If Oberman is playing “good Democratic soldier” in the Biden Administration, he might revisit Team Biden’s revised energy agenda. Although Biden early in 2021 revoked a permit for the Keystone XL pipeline, his choice for Energy Secretary, Jennifer Grenholm, in December asked U.S. petroleum firms to boost production. “Hire workers, get your rig count up,” she was quoted. Biden also has continued Trump’s liberal approval of permits for oil drilling on public lands, understanding that approval ratings suffer when gasoline and diesel pump prices rise.
Finally, there is Oberman’s seeming distrust of free markets. This should trouble shippers as well as railroads and investors. Where the Board’s majority followed STB precedent in leaving Uinta Basin Railway financing to the marketplace, Oberman questioned its financial viability, even though the STB’s statutory role is limited to project authorization. This suggests a bothersome Oberman inclination to favor government command-and-control over freedom of production and consumption embodied in the invisible hand of Adam Smith that guides free-market economies.
Get used to Oberman’s activism. His first term extends two more years—plus there is potential for a one-year holdover period while President Biden is still in office.
The better takeaway is that Oberman, although an activist with strong shipper-friendly and environmentalist-embracing opinions, has not sought to use his role as chairperson to impede those with contrary viewpoints. That Primus, Oberman’s fellow Democrat, has declined to vote with Oberman in other cases—indeed, written strong dissents of his own—and that just-sworn-in Begeman successor and Democrat Karen J. Hedlund has a reputation as an independent thinker, suggests strongly Oberman does not control other Democratic votes on the Board.

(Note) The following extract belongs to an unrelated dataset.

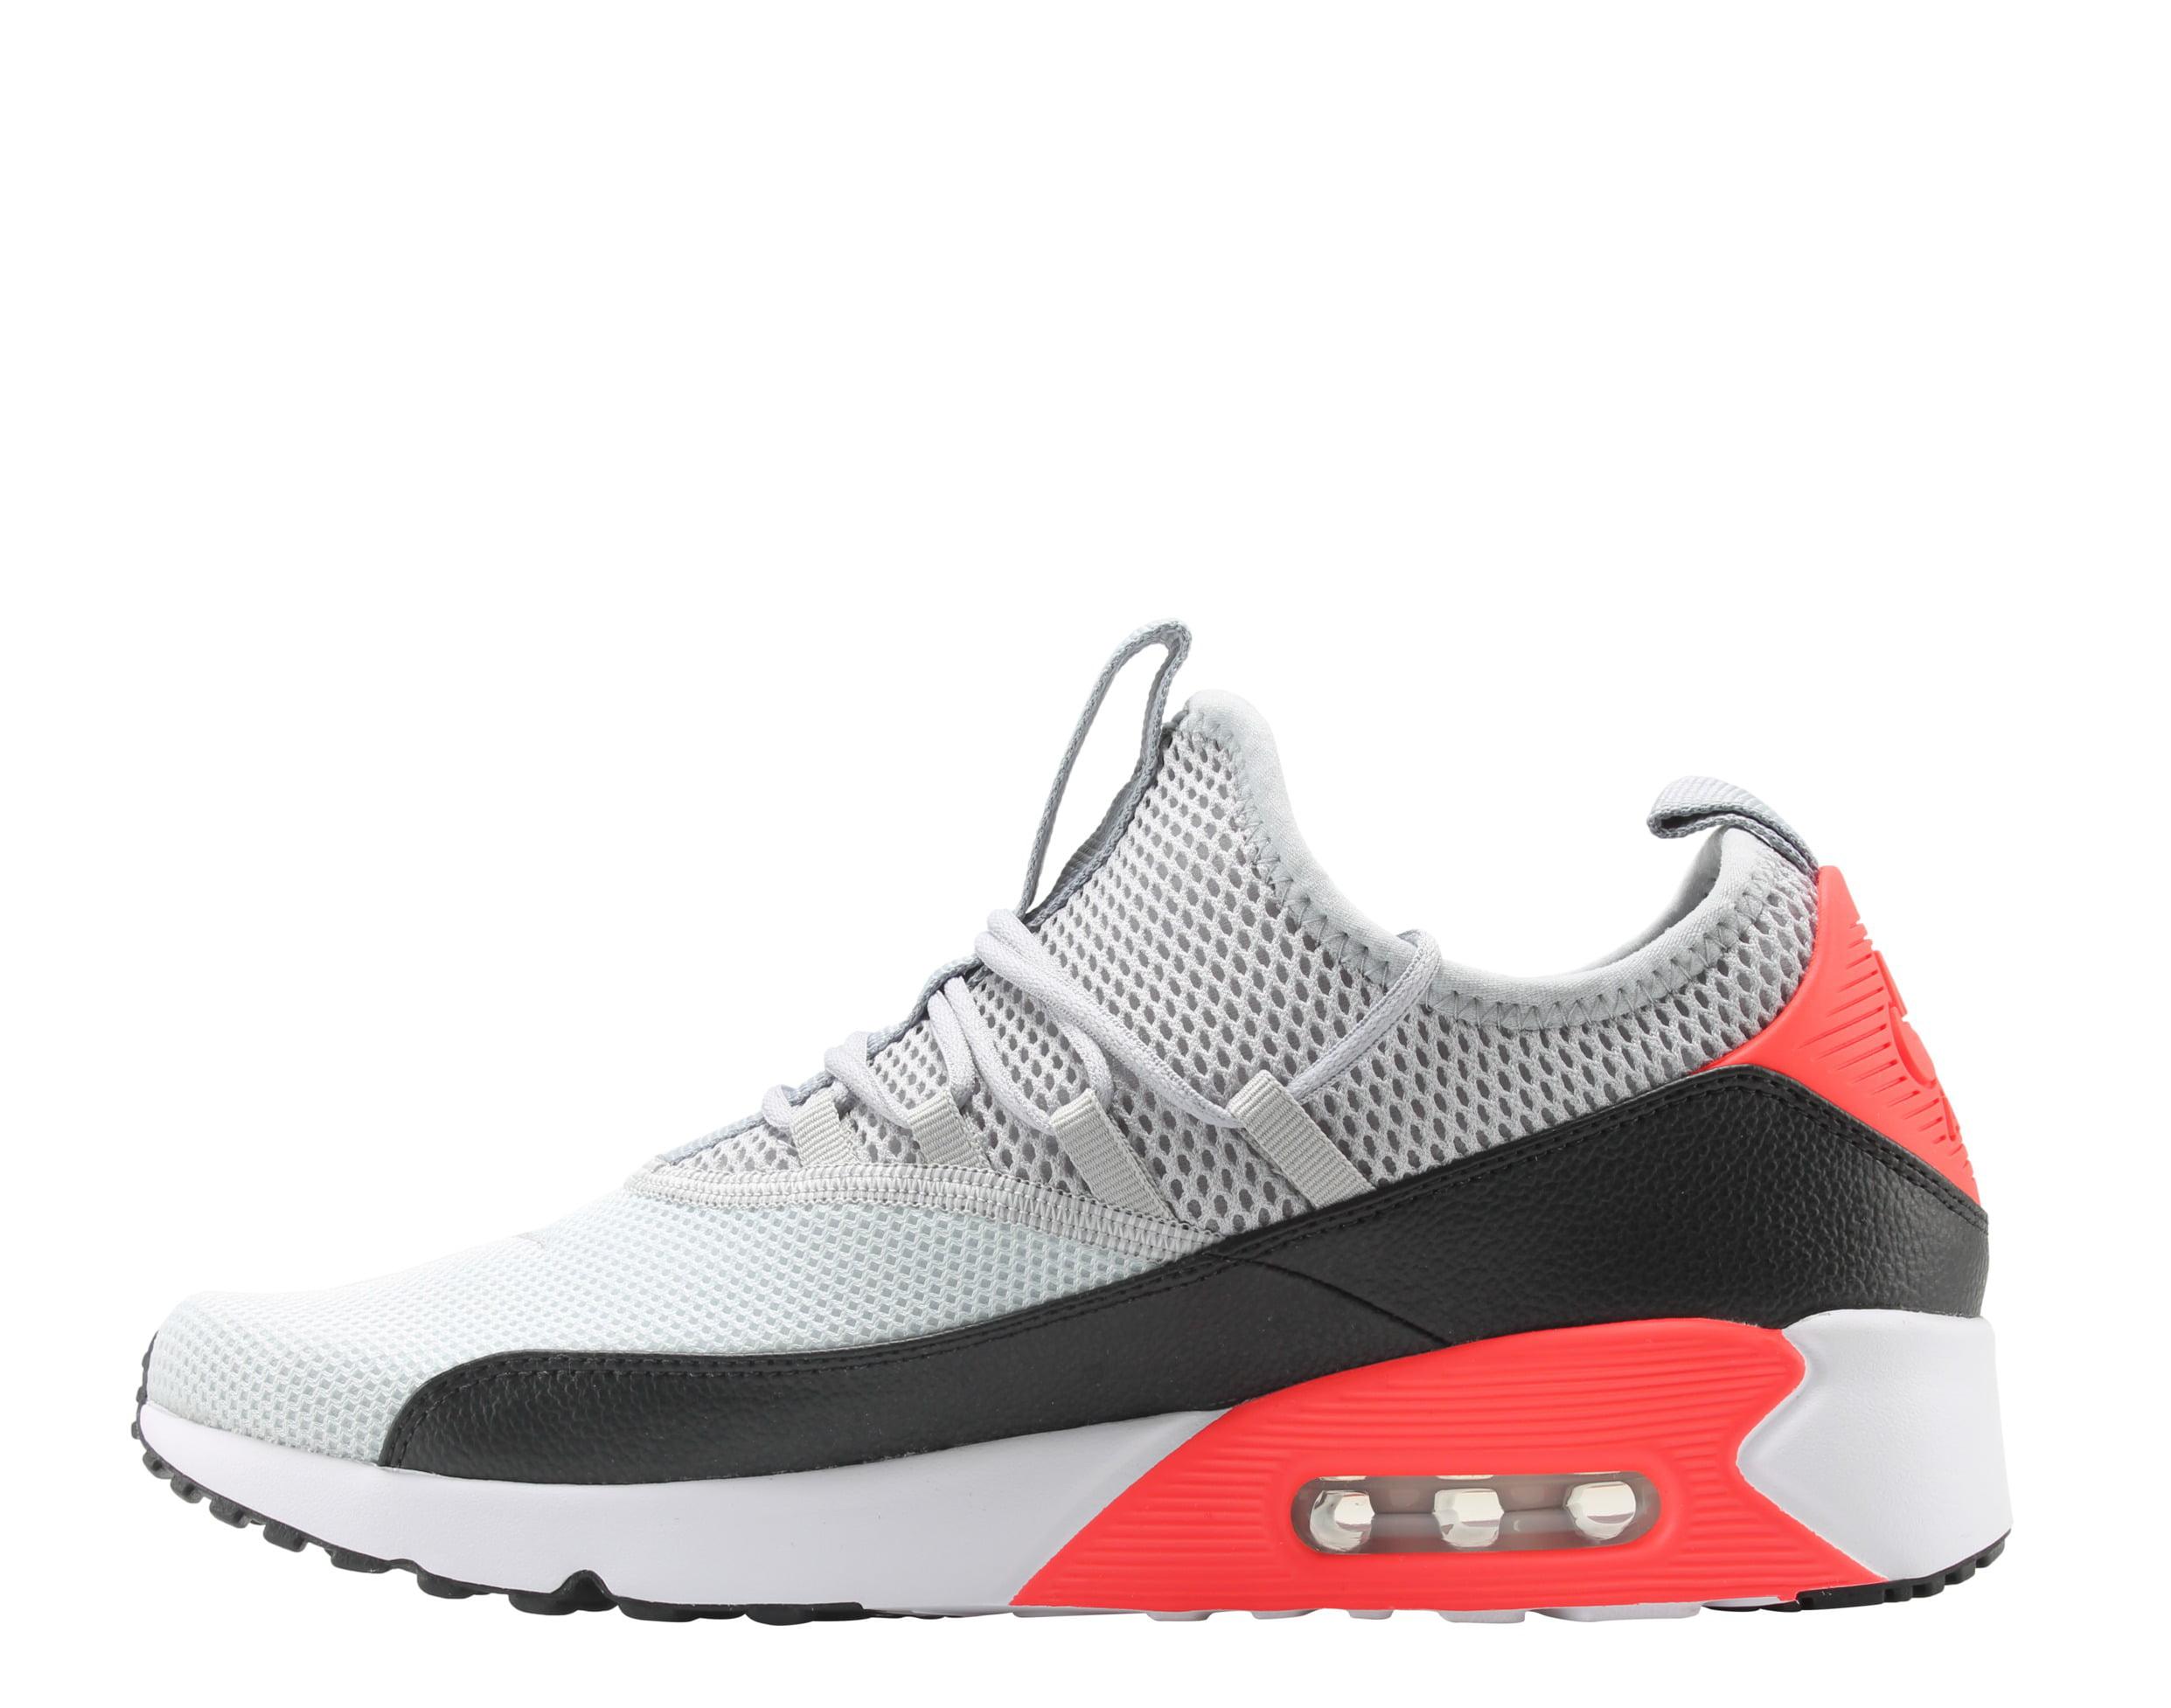 Sporting Goods Nike Air Max 90 EZ Grey Black Infrared Red

Most refreshing about Oberman is that he leads through an appeal to reason. Most unlike STB chairperson predecessors, he embraces decision-making transparency, having scheduled public hearings on issues he termed as having “potential for significant impact, not only on the involved railroads, but on the shipping community, labor, rail passengers, consumers and the public at large. Discussing these issues in a public forum is an important step for improving participation and accountability for the Board.”
Among the Oberman-scheduled public hearings:
- A revised application by CSX to acquire Pan Am Systems and its short line subsidiaries, scheduled for Jan. 13. Docket No. FD 36472, CSX Merger Application to Acquire Pan Am Systems.

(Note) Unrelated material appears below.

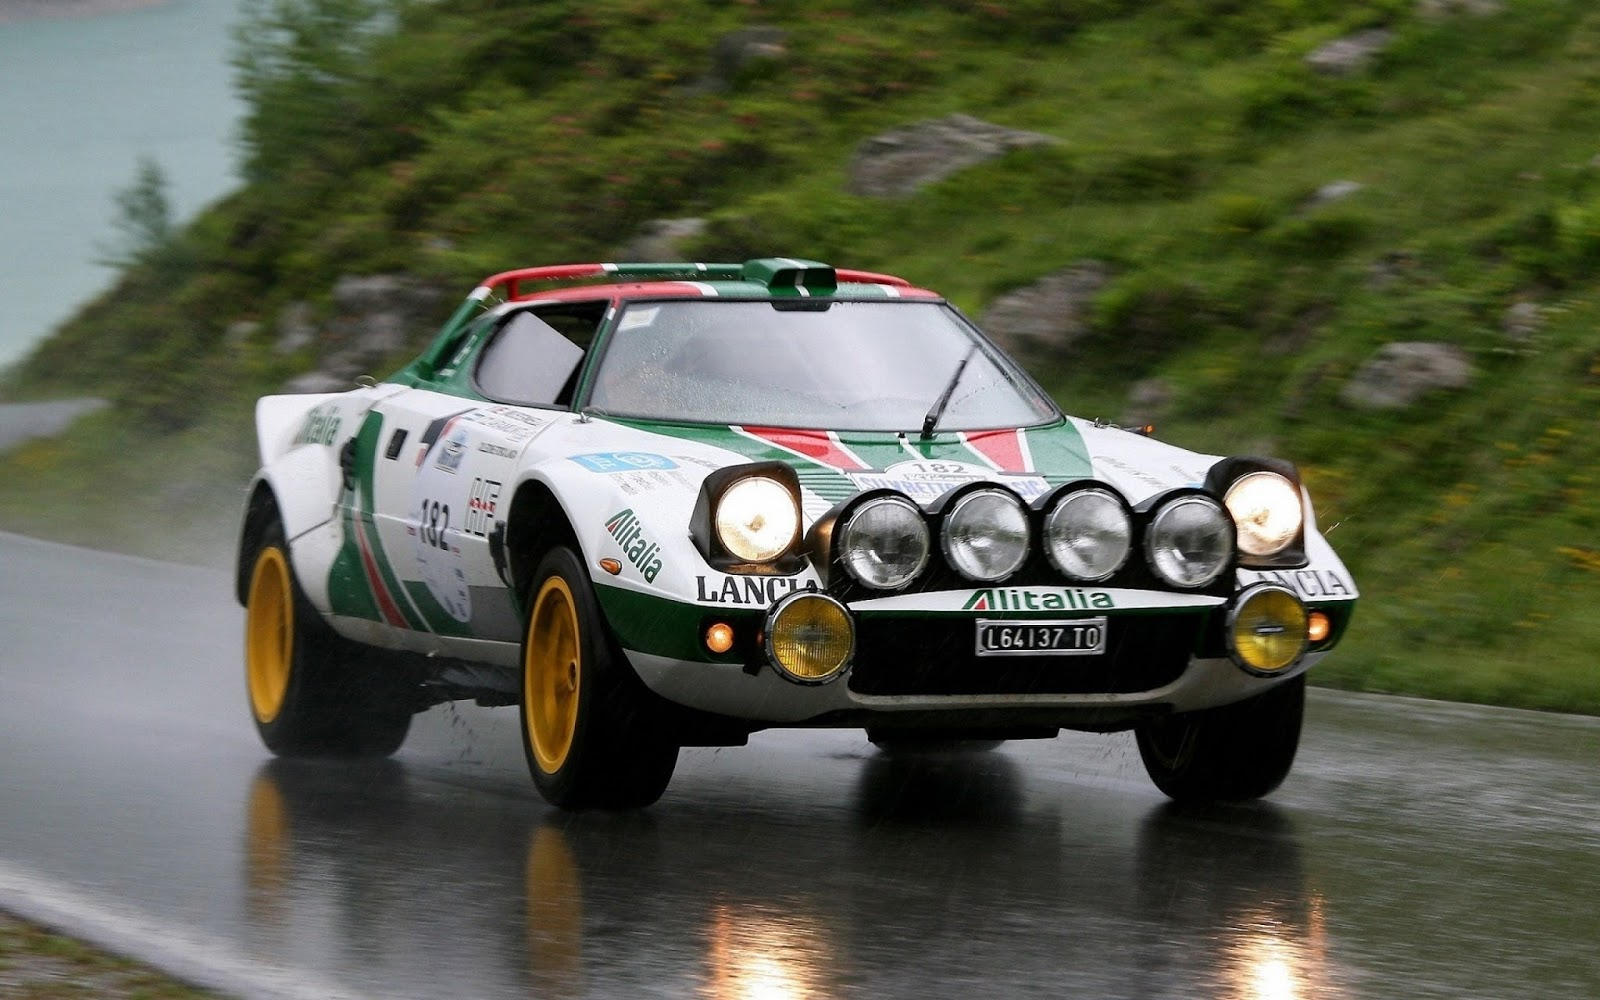 stratos Ονειρική συνάντηση με 37+1 Lancia Stratos Classic, Group B, Lancia, Laoncia Stratos, videos

- An application by Amtrak that it be allowed to operate additional passenger trains on CSX and Norfolk Southern track between New Orleans and Mobile, Ala., scheduled for Feb. 15. Docket No. FD 36496, Amtrak Application to Operate Gulf Coast Service.

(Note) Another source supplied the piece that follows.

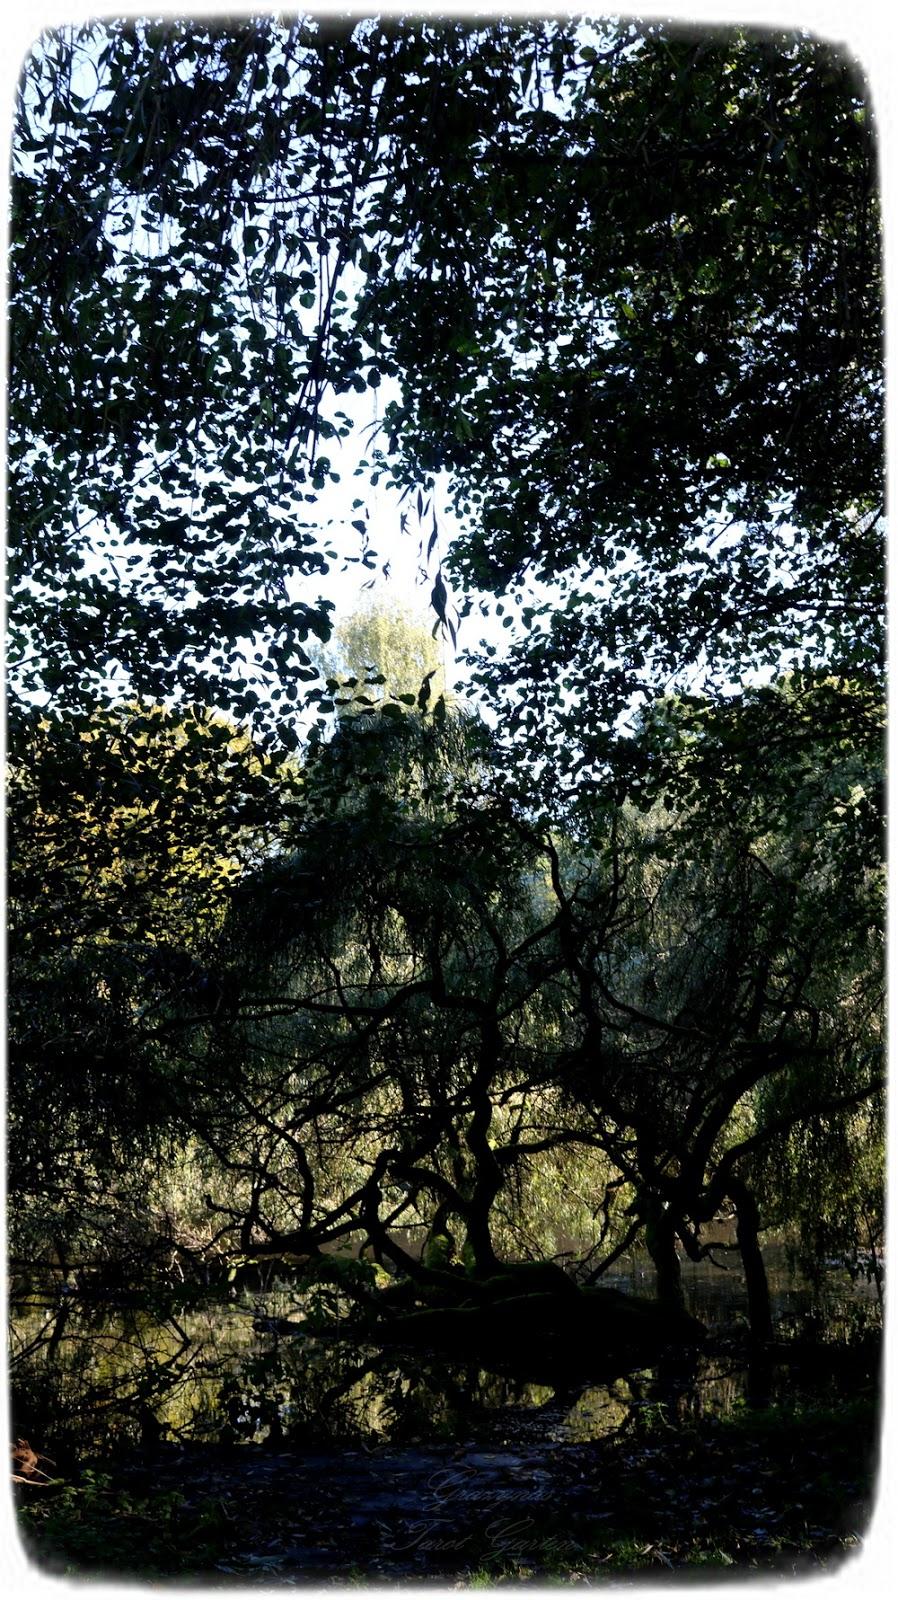 Herbst Tagundnachtgleiche, grazynastarotgarten.blogspot.com

- Consideration of a shipper request (contained in a previously long-dormant Notice of Proposed Rulemaking) to adopt revised reciprocal switching regulations, scheduled for March 16. Approval would, in part, require railroads with sole physical access to a shipper facility to switch the shipper’s freight cars to a junction point with a competing railroad. Docket No. EP 711 (Sub-No. 1), Reciprocal Switching.
As an aside, Oberman’s 11-page dissent to the 25-page Uinta Basin Railway decision was hardly a record. A 1962 minority dissent written by ICC member William H. Tucker to Chesapeake & Ohio Railway’s approved financial control of Baltimore & Ohio Railroad (both now part of CSX), ran 38 pages—four pages longer than the decision. Chesapeake & Ohio Railway – Control – Baltimore & Ohio Railroad, 317 I.C.C.261.
Frank N. Wilner is Railway Age Capitol Hill Contributing Editor. He is a former White House appointed STB chief of staff, former president of the STB’s bar association and for two decades was assistant vice president for policy at the Association of American Railroads. Publication of his seventh book, “Railroads & Economic Regulation,” is pending publication by Simmons-Boardman Books.